(RECORDS PROVIDED begins)
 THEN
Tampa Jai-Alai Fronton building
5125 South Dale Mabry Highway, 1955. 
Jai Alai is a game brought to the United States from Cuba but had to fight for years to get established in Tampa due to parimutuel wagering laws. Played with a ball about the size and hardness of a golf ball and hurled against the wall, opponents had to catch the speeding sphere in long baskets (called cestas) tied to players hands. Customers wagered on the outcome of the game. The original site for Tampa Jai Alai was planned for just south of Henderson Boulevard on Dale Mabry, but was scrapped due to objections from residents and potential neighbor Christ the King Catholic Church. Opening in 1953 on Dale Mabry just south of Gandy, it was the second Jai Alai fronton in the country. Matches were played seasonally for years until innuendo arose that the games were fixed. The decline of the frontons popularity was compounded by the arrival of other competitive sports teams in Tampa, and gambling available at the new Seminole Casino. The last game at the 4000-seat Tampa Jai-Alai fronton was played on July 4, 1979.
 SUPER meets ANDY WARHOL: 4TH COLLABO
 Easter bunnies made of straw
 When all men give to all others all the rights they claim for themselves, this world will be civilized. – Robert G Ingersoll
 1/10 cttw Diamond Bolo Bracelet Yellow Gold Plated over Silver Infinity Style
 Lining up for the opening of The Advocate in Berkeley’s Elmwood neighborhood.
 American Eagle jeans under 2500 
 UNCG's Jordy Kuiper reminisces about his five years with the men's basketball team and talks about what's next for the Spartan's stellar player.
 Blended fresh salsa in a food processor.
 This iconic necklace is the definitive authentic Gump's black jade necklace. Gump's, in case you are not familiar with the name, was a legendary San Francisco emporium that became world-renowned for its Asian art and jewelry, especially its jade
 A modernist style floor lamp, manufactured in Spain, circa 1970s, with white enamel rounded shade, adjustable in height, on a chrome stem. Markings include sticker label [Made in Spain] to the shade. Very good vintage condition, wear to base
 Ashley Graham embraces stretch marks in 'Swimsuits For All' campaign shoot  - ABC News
(RECORDS PROVIDED ends)
_EXERCISE DIRECTIONS_. Set down again, word for word, the stretch of records from the line with "1/10 cttw Diamond" to the line with "Blended fresh salsa in a food processor.", both of those lines included.

_EXPECTED OUTPUT_.
 1/10 cttw Diamond Bolo Bracelet Yellow Gold Plated over Silver Infinity Style
 Lining up for the opening of The Advocate in Berkeley’s Elmwood neighborhood.
 American Eagle jeans under 2500 
 UNCG's Jordy Kuiper reminisces about his five years with the men's basketball team and talks about what's next for the Spartan's stellar player.
 Blended fresh salsa in a food processor.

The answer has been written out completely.